One way of answering this problem is:
- We need to select a group of volunteers or subjects(we need to select a sample representative of the entire population).
- We will measure their cholesterol level today.
- We ask them/ensure that they consume 5–7 walnuts every day for 3 months(let’s assume that all of them co-operates and do this for the next 3 months).
- We measure their cholesterol levels after 3 months.
And we can just compare the cholesterol level average for the group before and after and then we will draw our conclusions. This procedure seems reasonable but actually is a very flawed way of conducting medical experiments or any kind of experiments where we are trying to test the effect of the treatment.

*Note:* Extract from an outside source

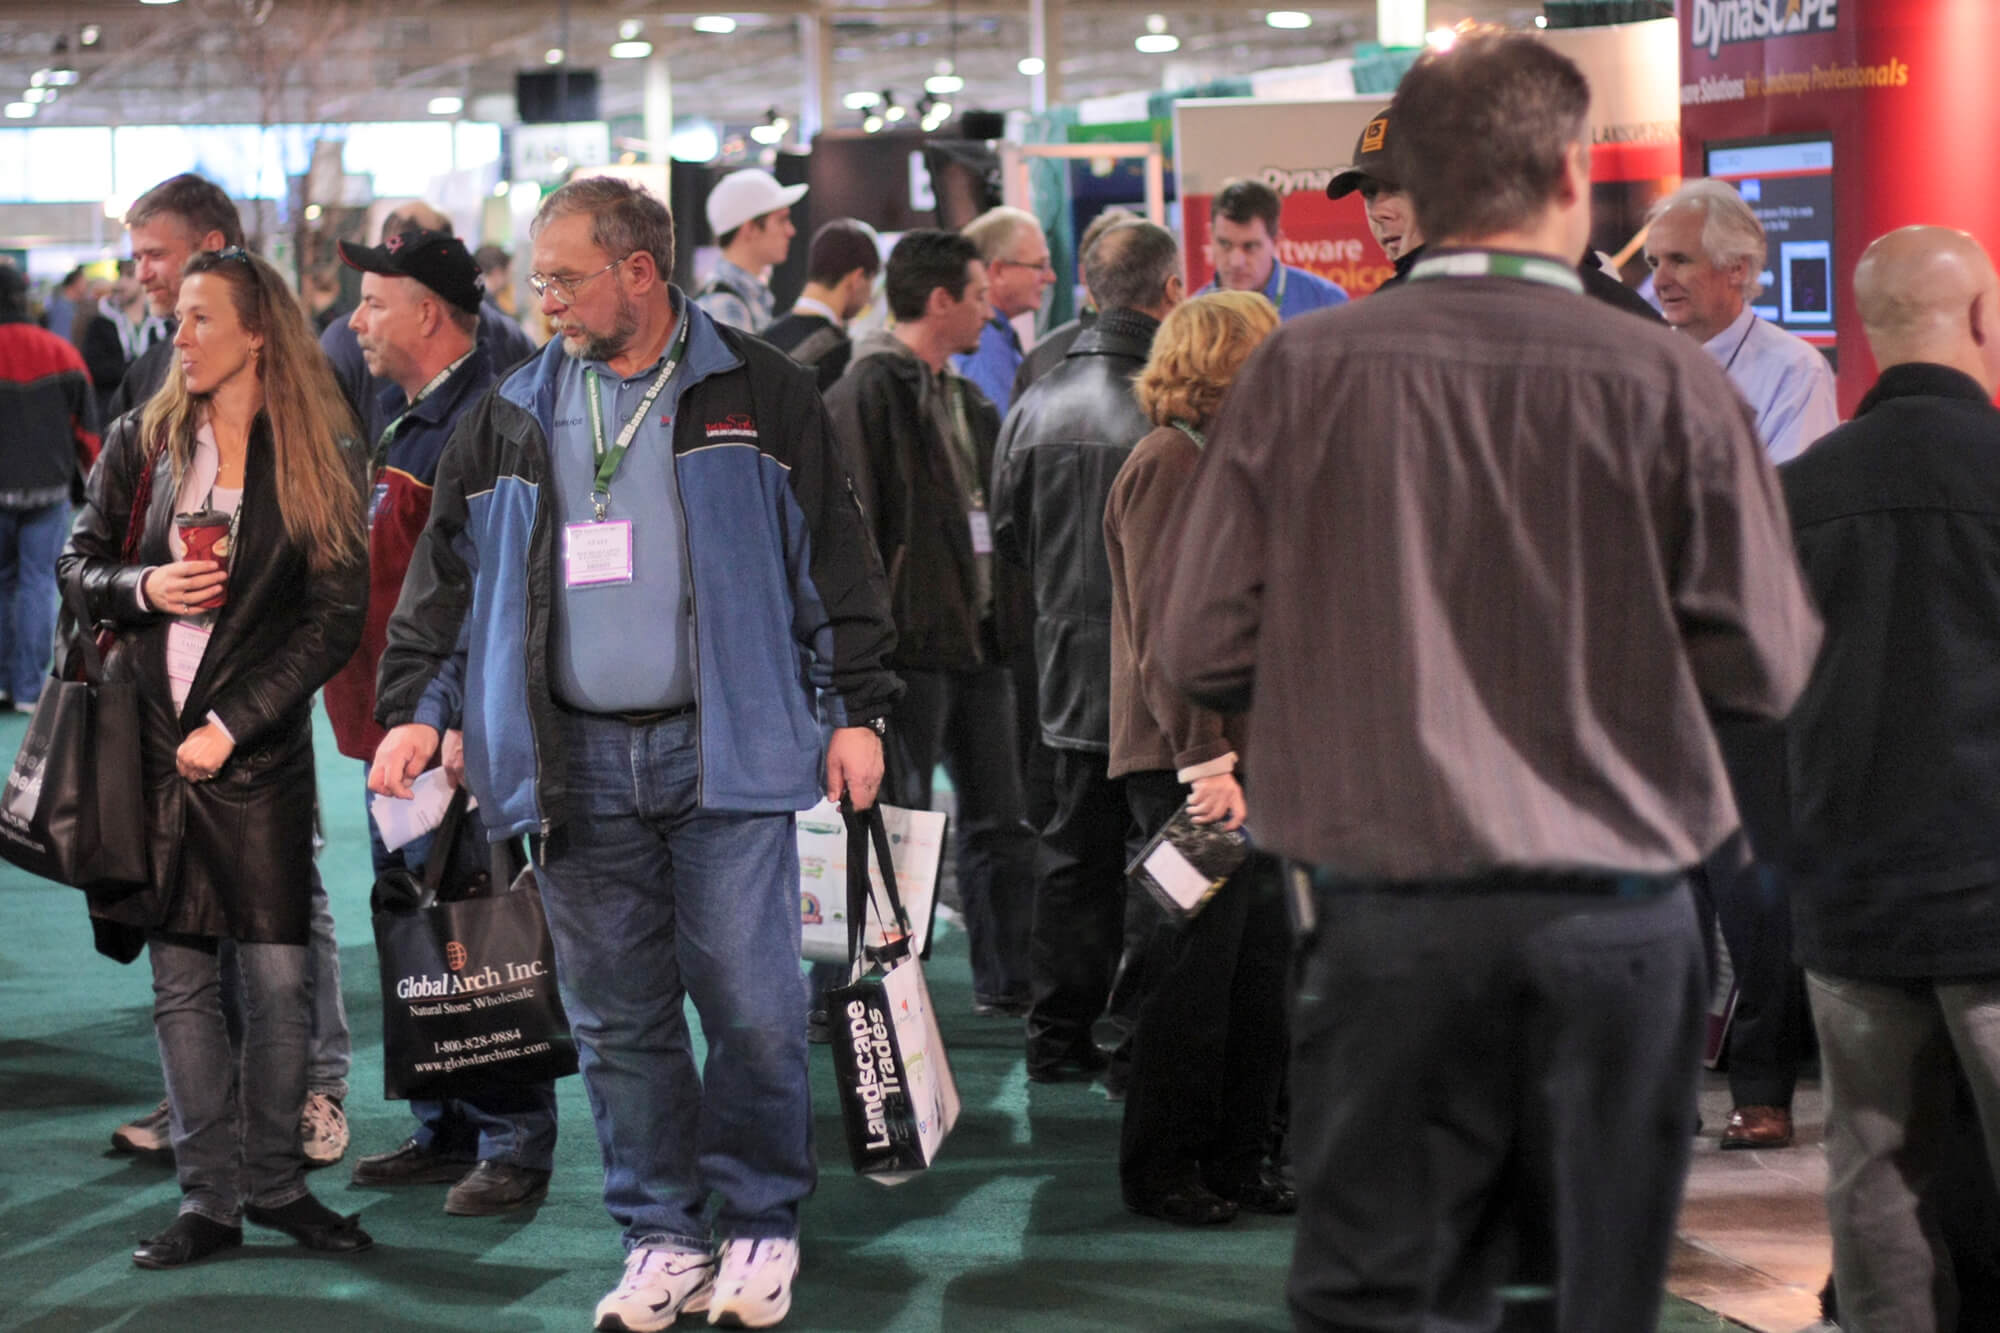 people walking the aisle at a trade show

What’s wrong with the above approach?
Let’s say some members of the sample, in addition to consuming walnuts, they also take up some physical exercise and we know that physical exercise can have an effect on the cholesterol level and at the end of 3 months if their cholesterol level actually decreases that means they will contribute to the overall mean of the sample decreasing, now how do we know that the cholesterol level of these subjects actually decreased because of walnuts or was it because of the physical exercise. How do we separate out the effect of these two?

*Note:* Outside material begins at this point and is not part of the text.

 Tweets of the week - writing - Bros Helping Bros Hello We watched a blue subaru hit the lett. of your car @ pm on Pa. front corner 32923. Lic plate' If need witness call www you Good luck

And let’s take the other extreme as well, say some people from this sample started smoking which leads to an increase in their cholesterol level, so if that happens, can we conclude that eating walnuts lead to the increase or if the cholesterol does not change(gets nullified by increase because of smoking and decrease by walnuts), then do we conclude that walnuts did not help in reducing cholesterol level?
So, the problem here is that we are not able to isolate the effects of confounding variables.
The solution lies in something known as ‘Randomized Control Experiments’. And here is a brief of the Randomized Control Experiments:
We have a control group and a treatment group, to the control group we don’t give any treatment or we give a placebo treatment(pills which do not have any medical properties), we select these two groups in such a way that there are similar people in both groups meaning there are people in both the groups who do the physical exercise, who smokes, old and young people in both the groups. So, in a way, we have nullified the effect, and if after 3 months, we see a particular group does significantly better than the other group, then we know that the only difference between them was walnuts and no walnuts, all other differences were similar. This is known as setting up a Randomized Control Experiment.
It’s good to have knowledge of the above for designing experiments to collect the data and draw inferences from the data. And here again, the knowledge of statistics plays a significant role.
In this article, we touch-based on why the statistics concepts are important in Data Science and how to select a sample, design an experiment.